In defence of private tutoring

What is the logic behind throwing cold water on pupils’ and families’ aspirations


Sebastian Hepher, headmaster of Eaton Square School in Belgravia is concerned about the growth in private tutoring. In a letter to parents, Mr Hepher lists a series of his misgivings: tutoring can have many disadvantages he says; children can be overloaded with work; parents can be misinformed of what a child needs in order to generate business; children can be taught methods and practices which are confusing to them; homework can be affected due to lack of time. In his two page letter he cites no supporting evidence for any of these assertions.

One thing we can agree is that tutoring has boomed in recent years.  Some commentators have interpreted this as an indictment of mainstream schools.  Mr Hepher’s defensiveness suggests he too views the growth of private tutoring from that perspective.  The growth in the demand for private tuition is a global phenomenon and as a World Bank report confirms, it needs to be analysed in the context of more of us wanting to equip ourselves and our children with educational attainments to join the service sector. It is not necessarily an indictment of a particular school or education system. Obviously I can not speak for Mr Hepher’s particular school.

Recognising that private tutoring is now a significant feature of the educational landscape, The Tutors’ Association an industry body comprising of individual tutors and tutoring companies was launched in October to represent the tutoring industry and to promote best practice.

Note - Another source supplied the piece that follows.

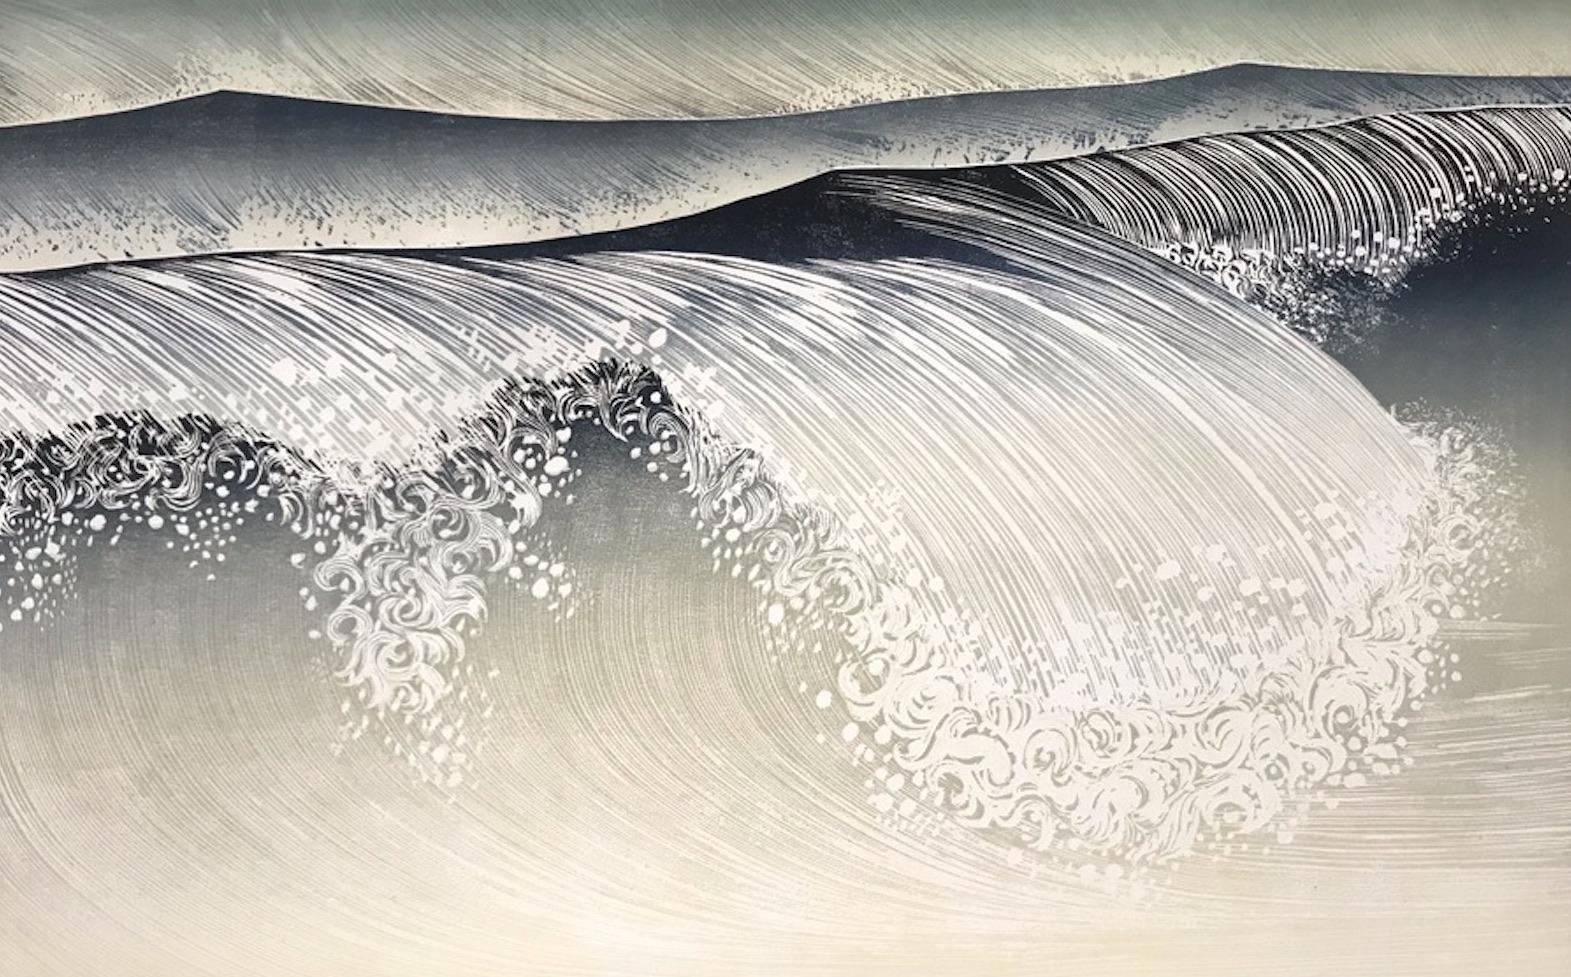 Landscape Print Rod Nelson  - Shorebreak, gravure sur bois de style japonais, impression contemporaine de paysage marin faite à la main,

Its members adhere to a code of practice which addresses the specific points Mr Hepher asserts in his letter.  It is part of our code of practice not to over-prescribe tutoring for instance.

As someone who was a classroom teacher myself for a number of years, what I find more concerning about the tone of Mr Hepher’s letter is not so much his hostility to private tutors but his eagerness as a head of a primary school to throw cold water on pupils’ and families’ aspirations. He asks parents -“is it (the school you are aiming for) too academic? As educationalists we should not be prejudging young peoples’ abilities and instead encourage them to fulfil their potential.  Pupils report back effusively as to how with tutoring, their confidence has been restored and their intellectual curiosity engaged. Mr Hepher would appear to believe that warning pupils and parents not to bite off more than they can chew is somehow more important to emphasise than this.

Finally and on a more conciliatory note, Mr Hepher states that we should “ensure that the (tutoring) work being done compliments (sic) the work undertaken at school”. Assuming he meant to say complements, we can assure him that tutors are very keen to work alongside schools for the benefit of pupils. Indeed many confident school heads have already adopted such an approach and one of the aims of the Tutors’ Association is to encourage cooperation of this kind.

Tom Maher is chair of the Tutors’ Association.